Unsupervised Construction of Knowledge Graphs From Text and Code
This work addresses the challenge of organizing and comparing software in the open science ecosystem for scientists, but it is incremental as it builds on existing word-embedding and clustering techniques.
The authors tackled the problem of constructing knowledge graphs from scientific literature and source code using unsupervised learning to identify conceptual entities and link them to code elements, resulting in a pipeline that enhances corpus-wide understanding and assists scientists in building on existing models.

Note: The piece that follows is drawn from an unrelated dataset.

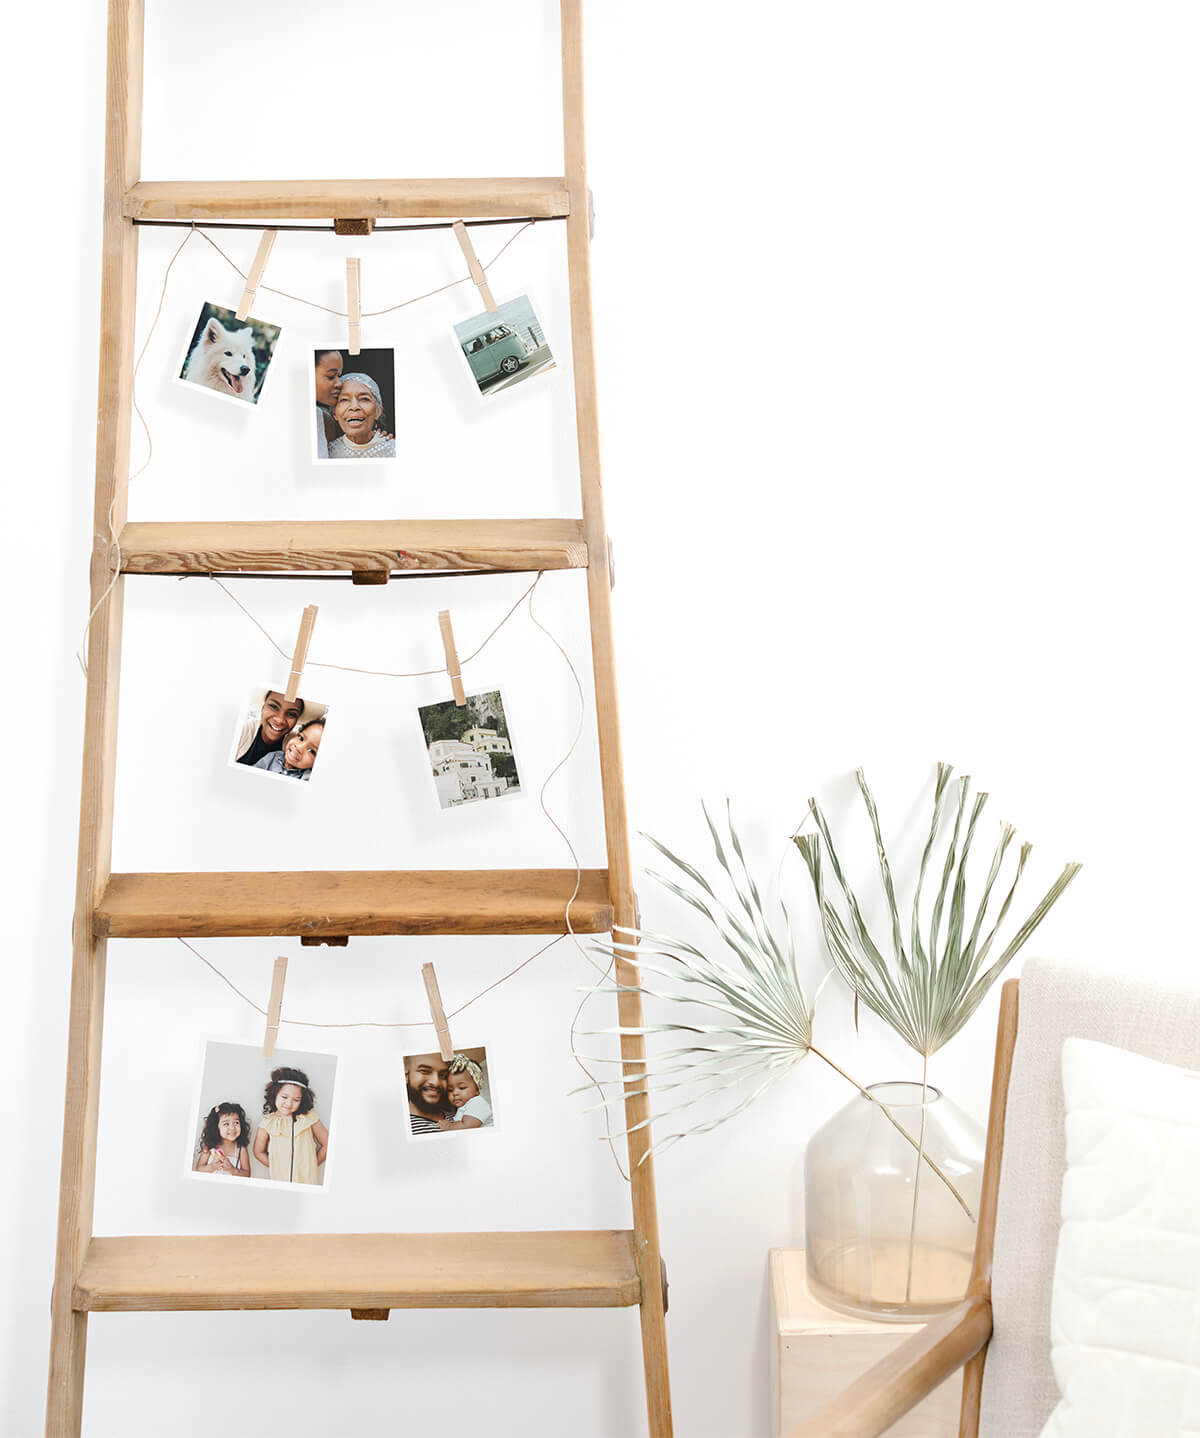 Wooden ladder repurposed for creative photo display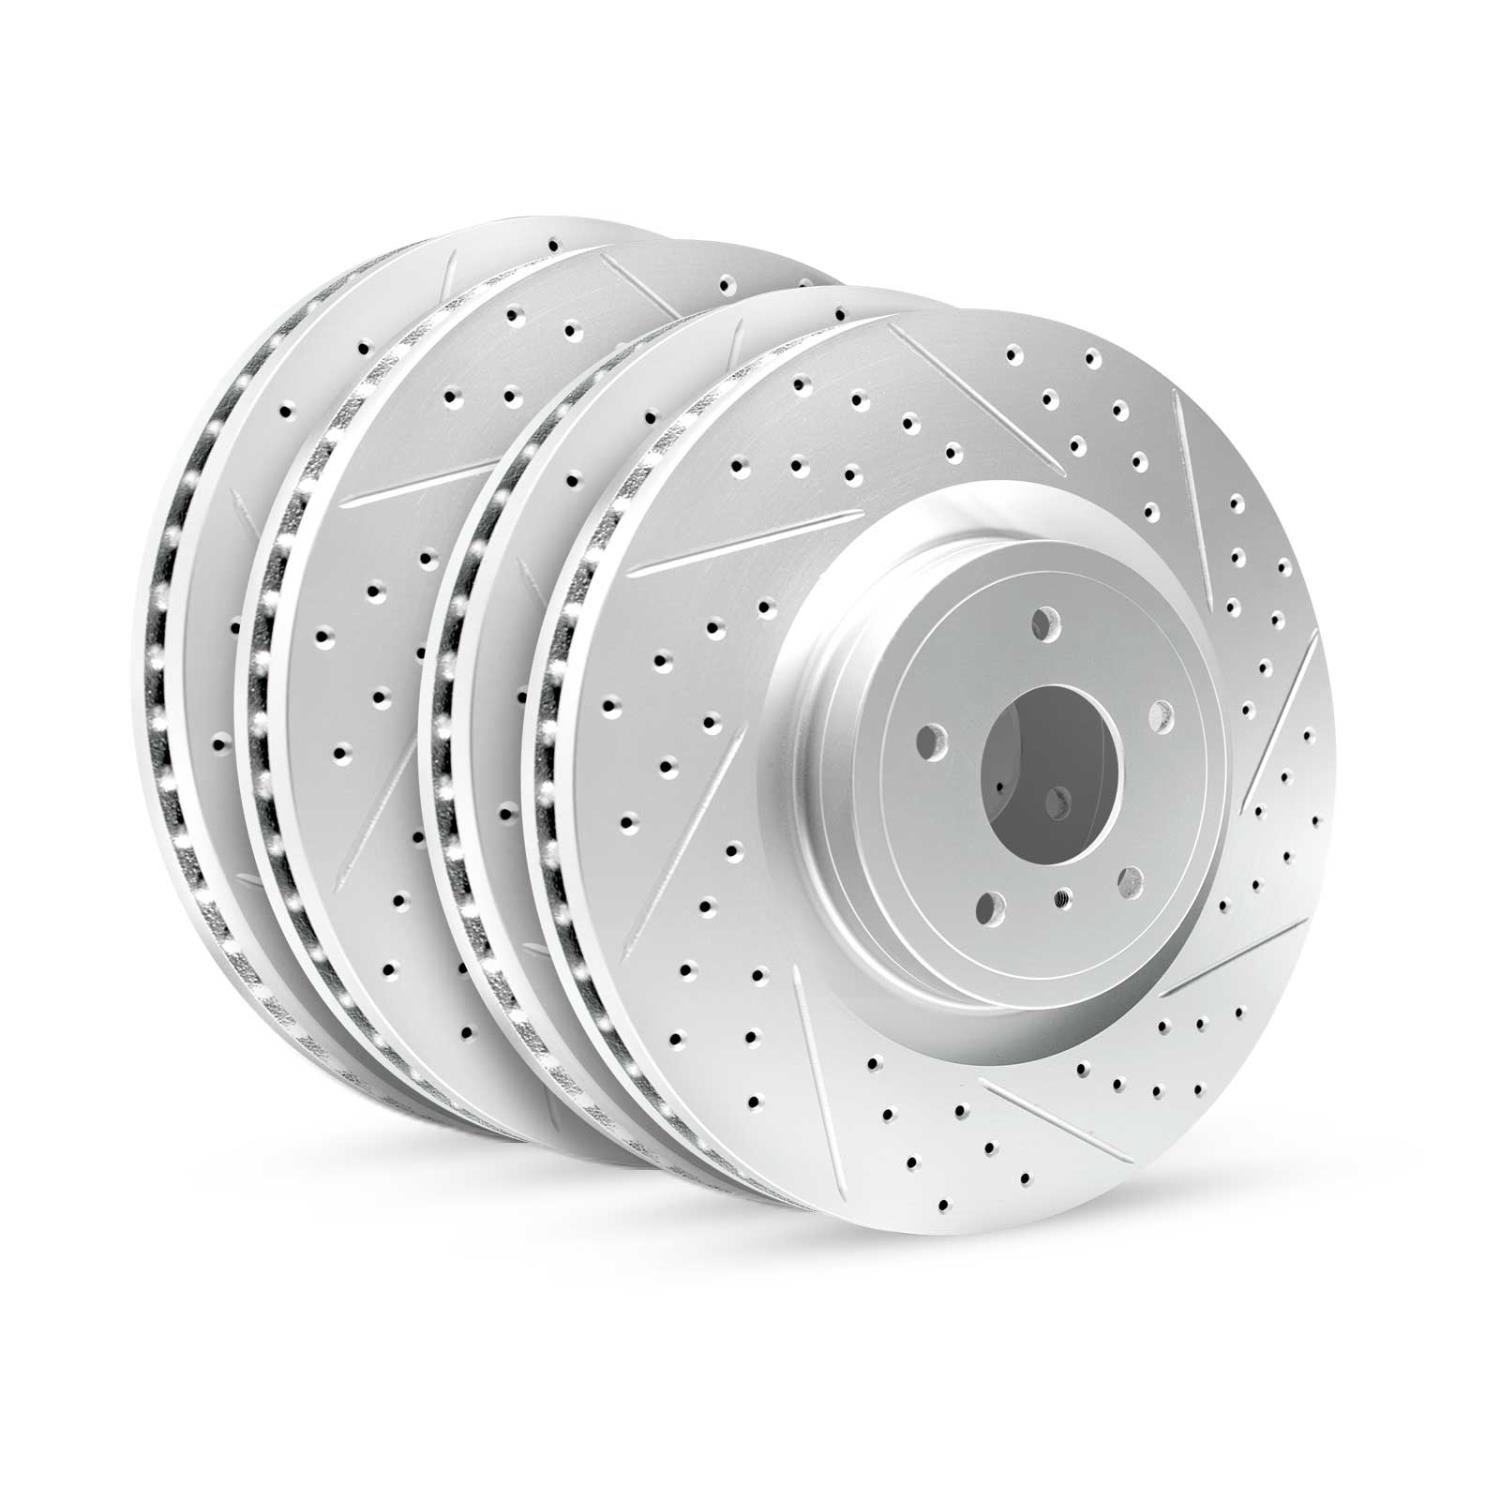 GEO-Carbon Drilled/Slotted Rotors, 2009-2015 Lexus/Toyota/Scion, Position: Front/Rear

The scientific literature is a rich source of information for data mining with conceptual knowledge graphs; the open science movement has enriched this literature with complementary source code that implements scientific models. To exploit this new resource, we construct a knowledge graph using unsupervised learning methods to identify conceptual entities. We associate source code entities to these natural language concepts using word embedding and clustering techniques. Practical naming conventions for methods and functions tend to reflect the concept(s) they implement. We take advantage of this specificity by presenting a novel process for joint clustering text concepts that combines word-embeddings, nonlinear dimensionality reduction, and clustering techniques to assist in understanding, organizing, and comparing software in the open science ecosystem. With our pipeline, we aim to assist scientists in building on existing models in their discipline when making novel models for new phenomena. By combining source code and conceptual information, our knowledge graph enhances corpus-wide understanding of scientific literature.